• [About this exercise] From the data below, return only the lines from the one with "FC Porto Portimonense" through the one with "Eyes of the Tiger-designed by @Destinctivart", exact and inclusive, with pictures left out.

• [Data for review]
────────
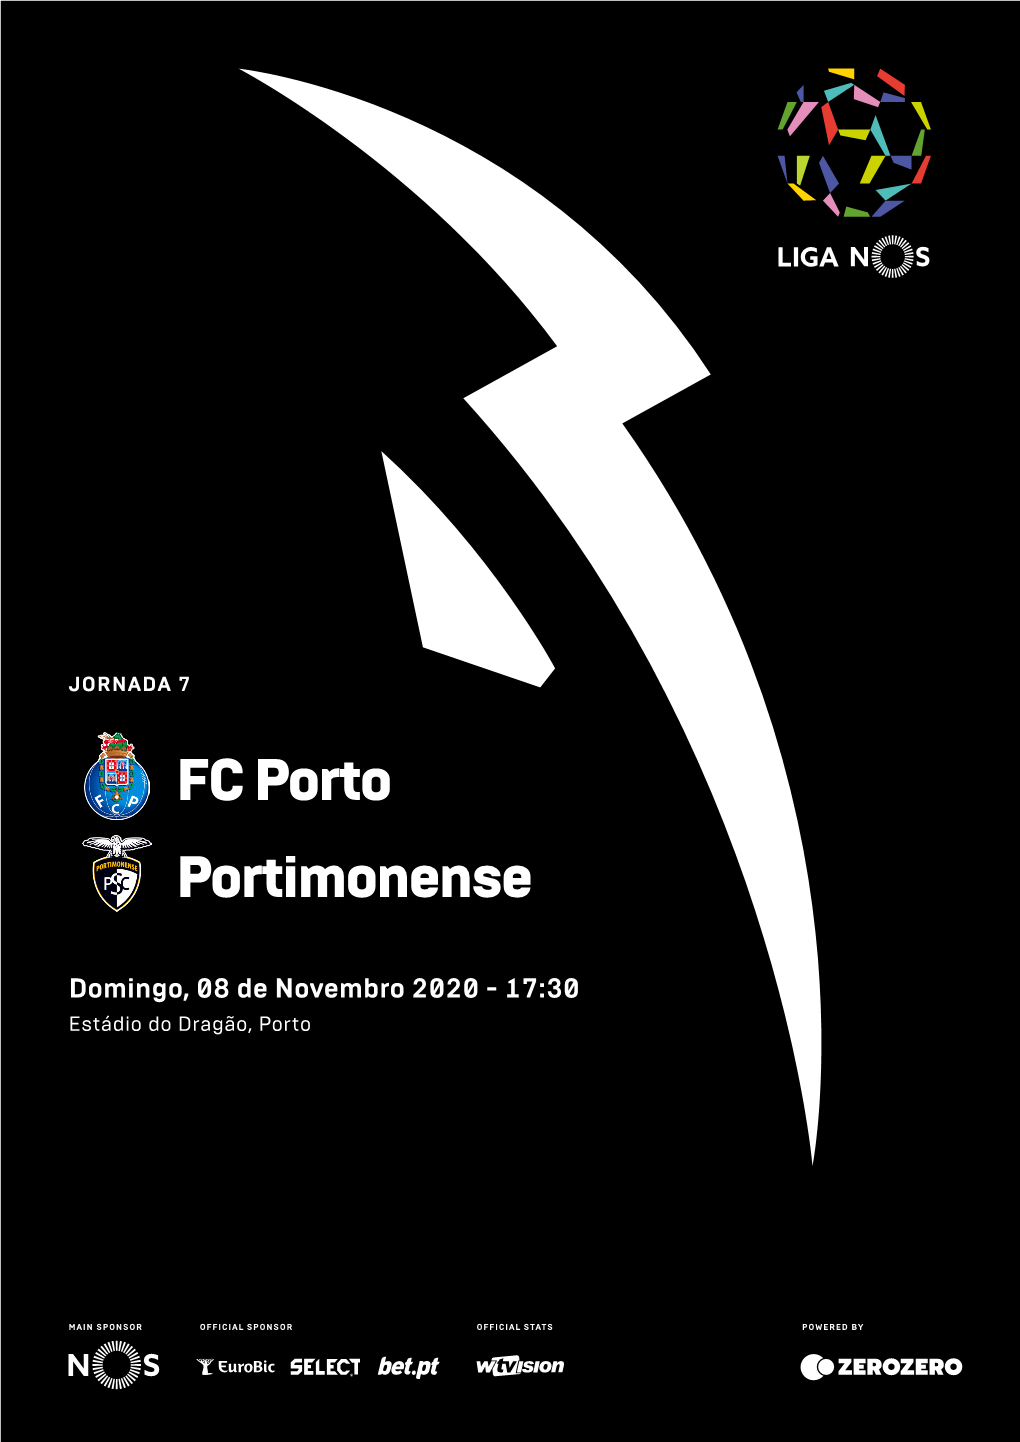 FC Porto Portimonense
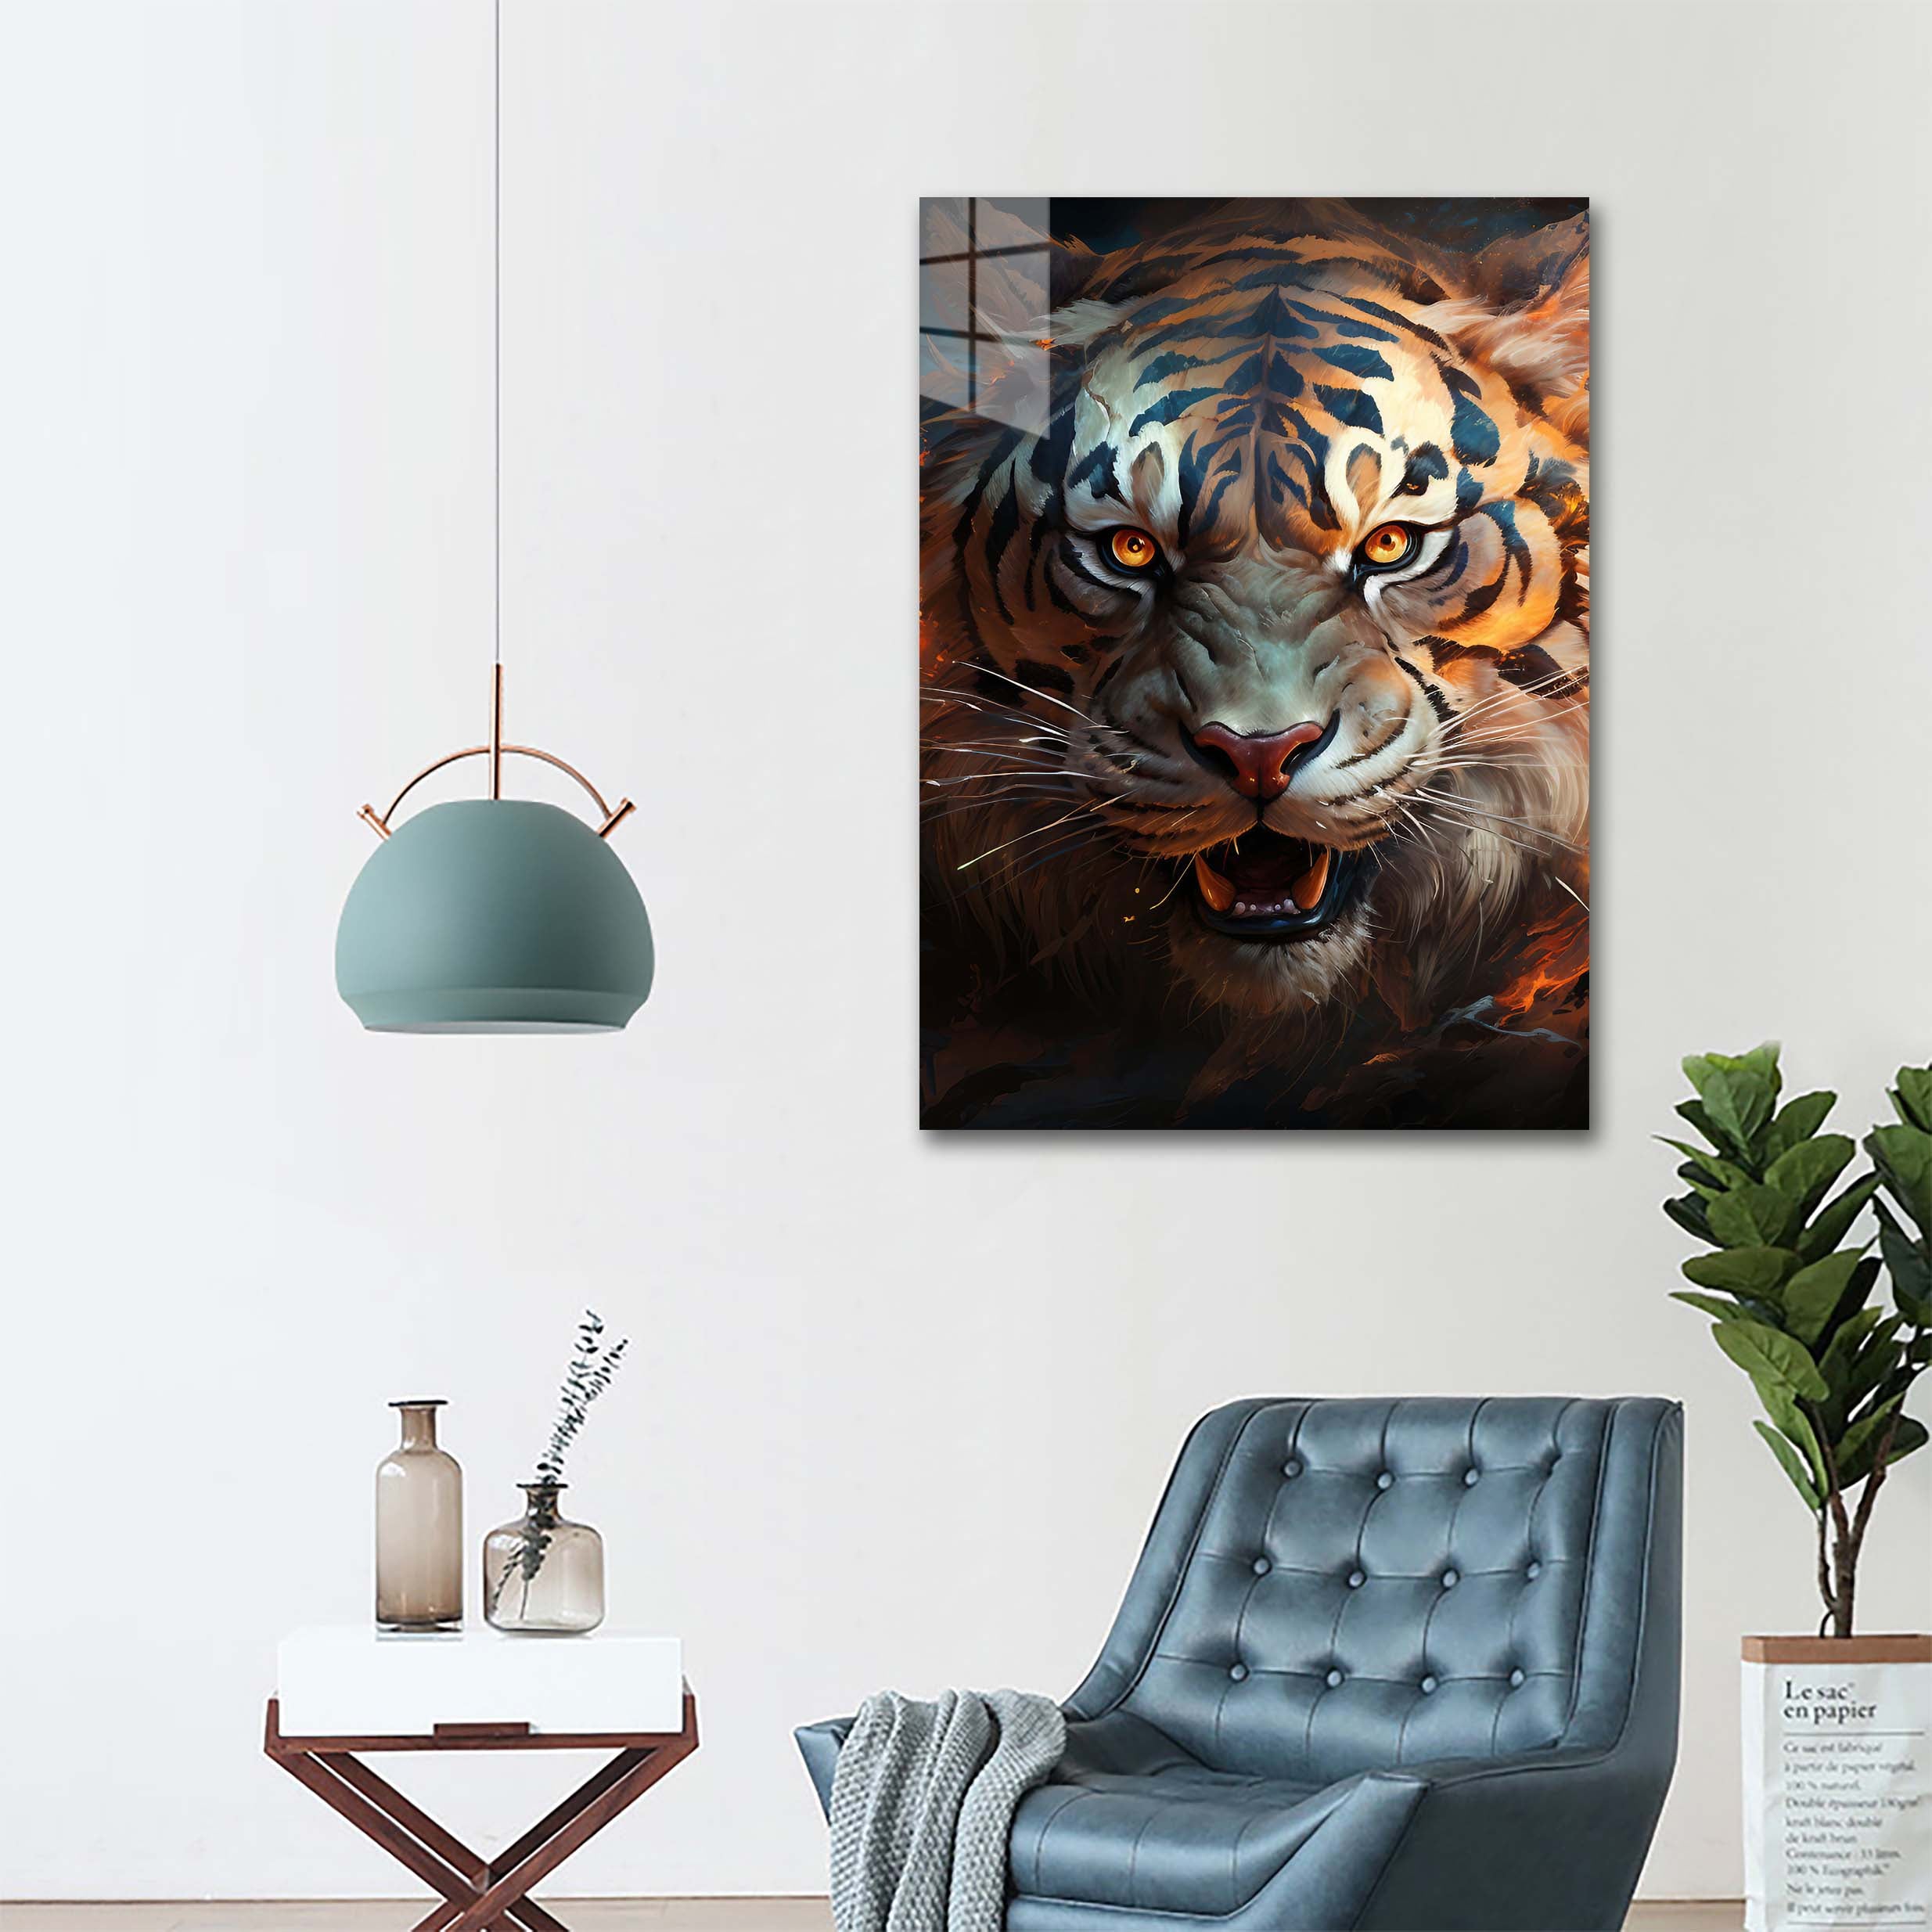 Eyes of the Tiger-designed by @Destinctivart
────────
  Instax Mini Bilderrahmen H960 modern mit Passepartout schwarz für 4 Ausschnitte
────────
• [Exercise result]
 FC Porto Portimonense
 Eyes of the Tiger-designed by @Destinctivart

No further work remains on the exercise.